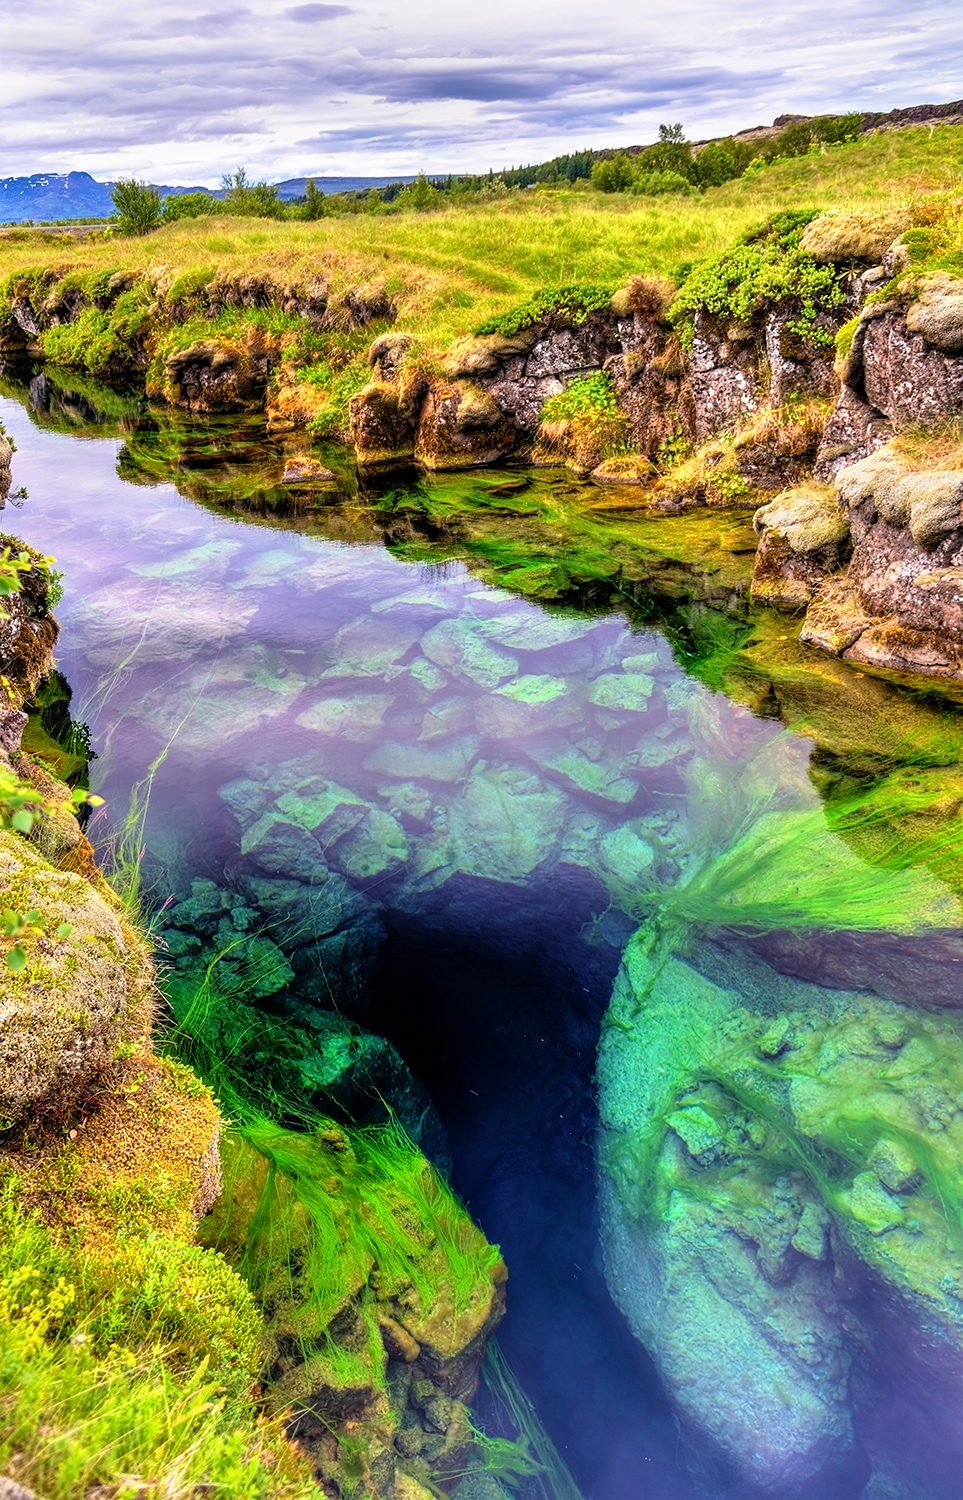 Water in a fissure between tectonic plates in Iceland
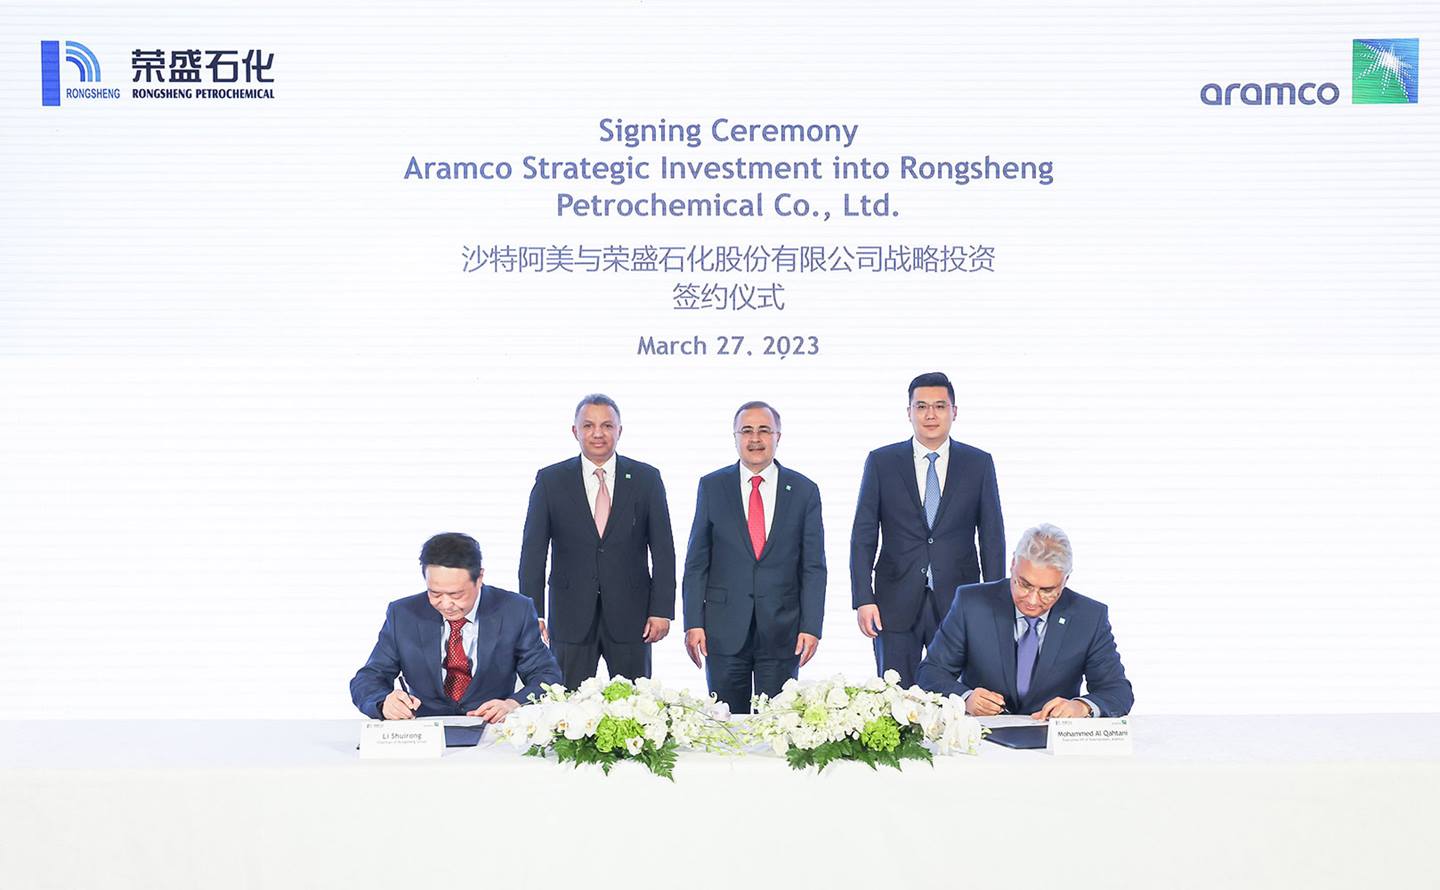 Saudi Aramco announces a huge acquisition deal to boost its presence in China
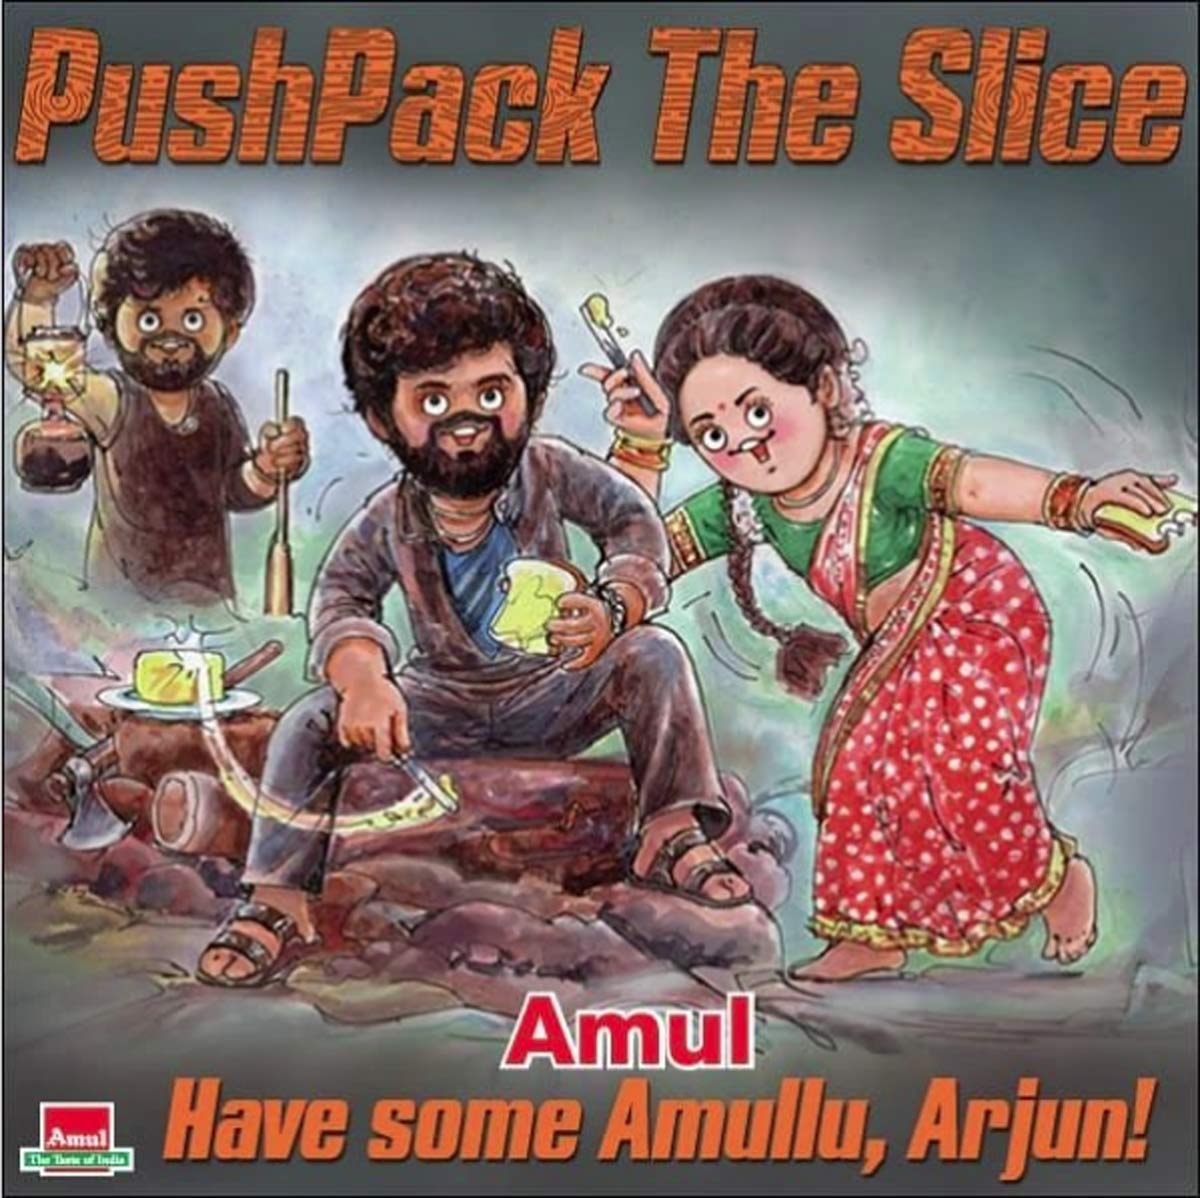 Amul makes a lovely cartoon depicting Pushpa
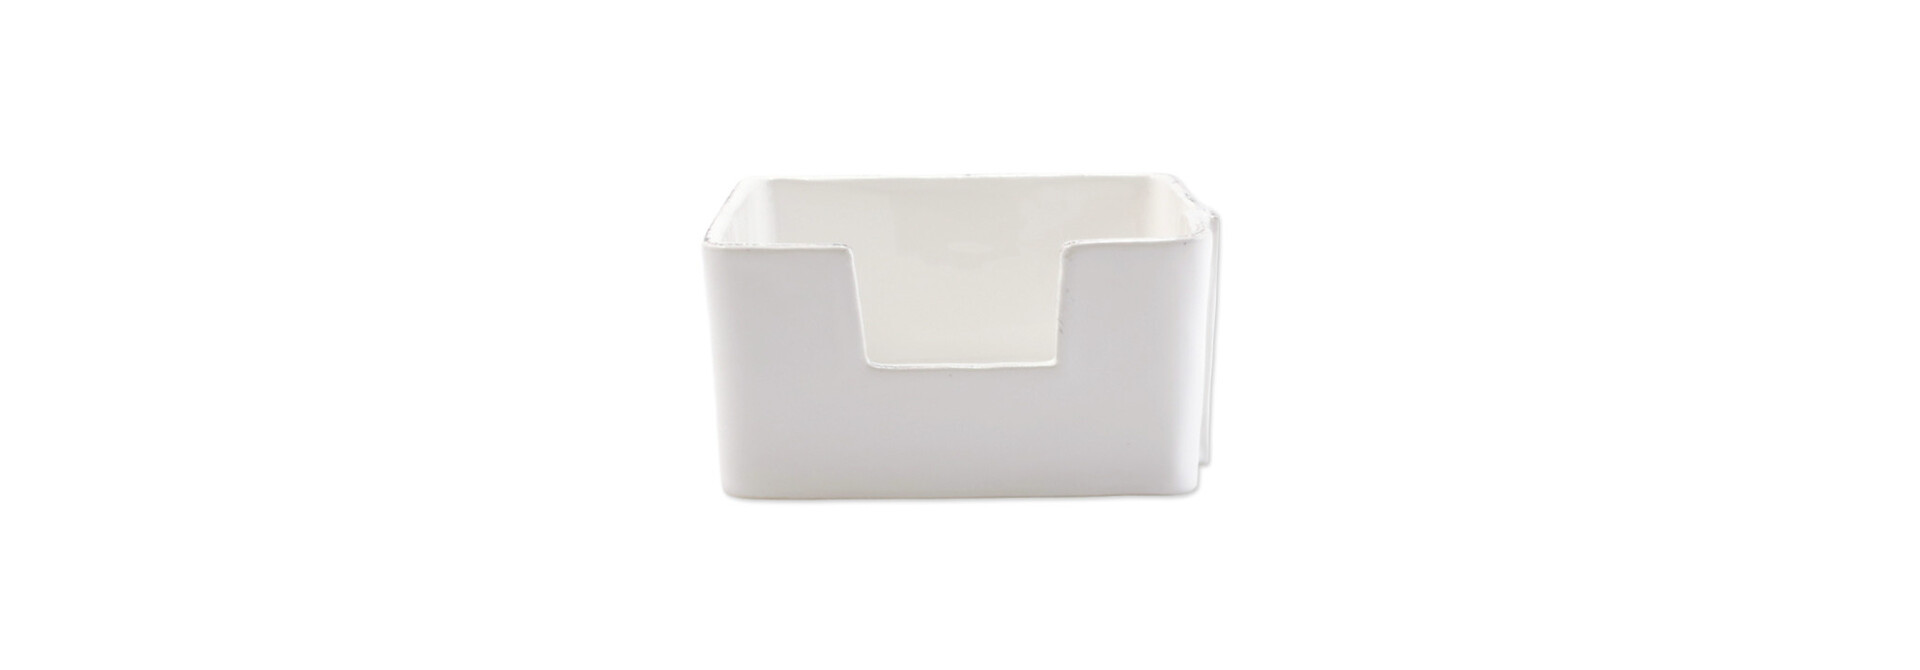 Lastra | The Cocktail Napkin  Holder Collection, White  - 6 Inch x 6 Inch x 3.25 Inch
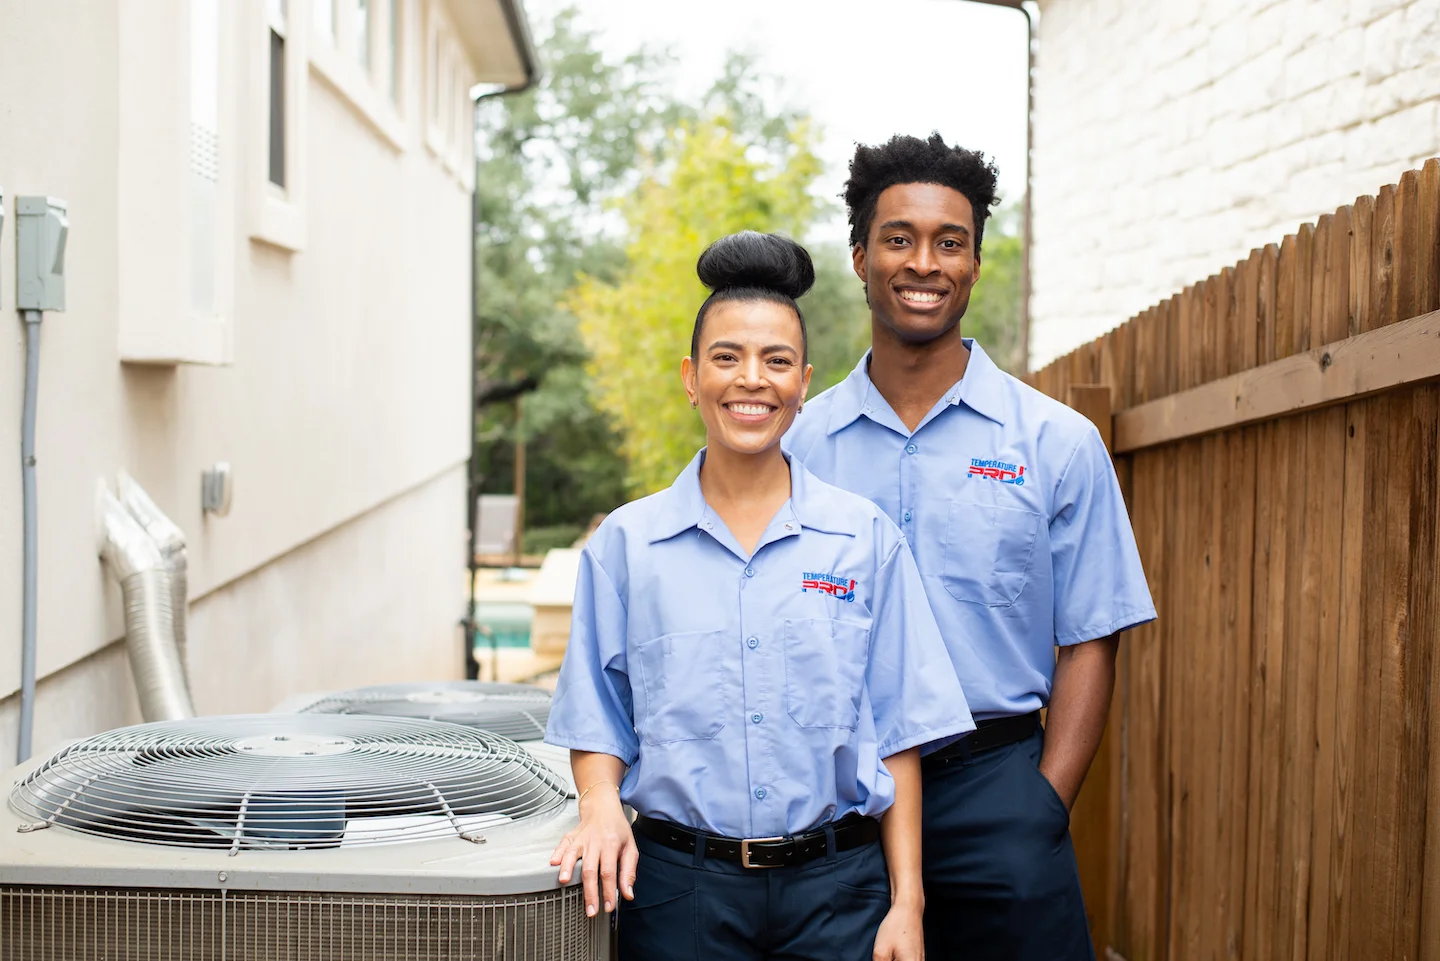 Two TemperaturePro Seattle employees smiling next to an AC condenser.

------------------------------------------------------------

--- Your objective ---
The required response consists solely of the lines from the line containing "Lastra | The" through the end of the listing, both ends included, copied exactly without pictures.

--- Output of the task ---
 Lastra | The Cocktail Napkin  Holder Collection, White  - 6 Inch x 6 Inch x 3.25 Inch
 Two TemperaturePro Seattle employees smiling next to an AC condenser.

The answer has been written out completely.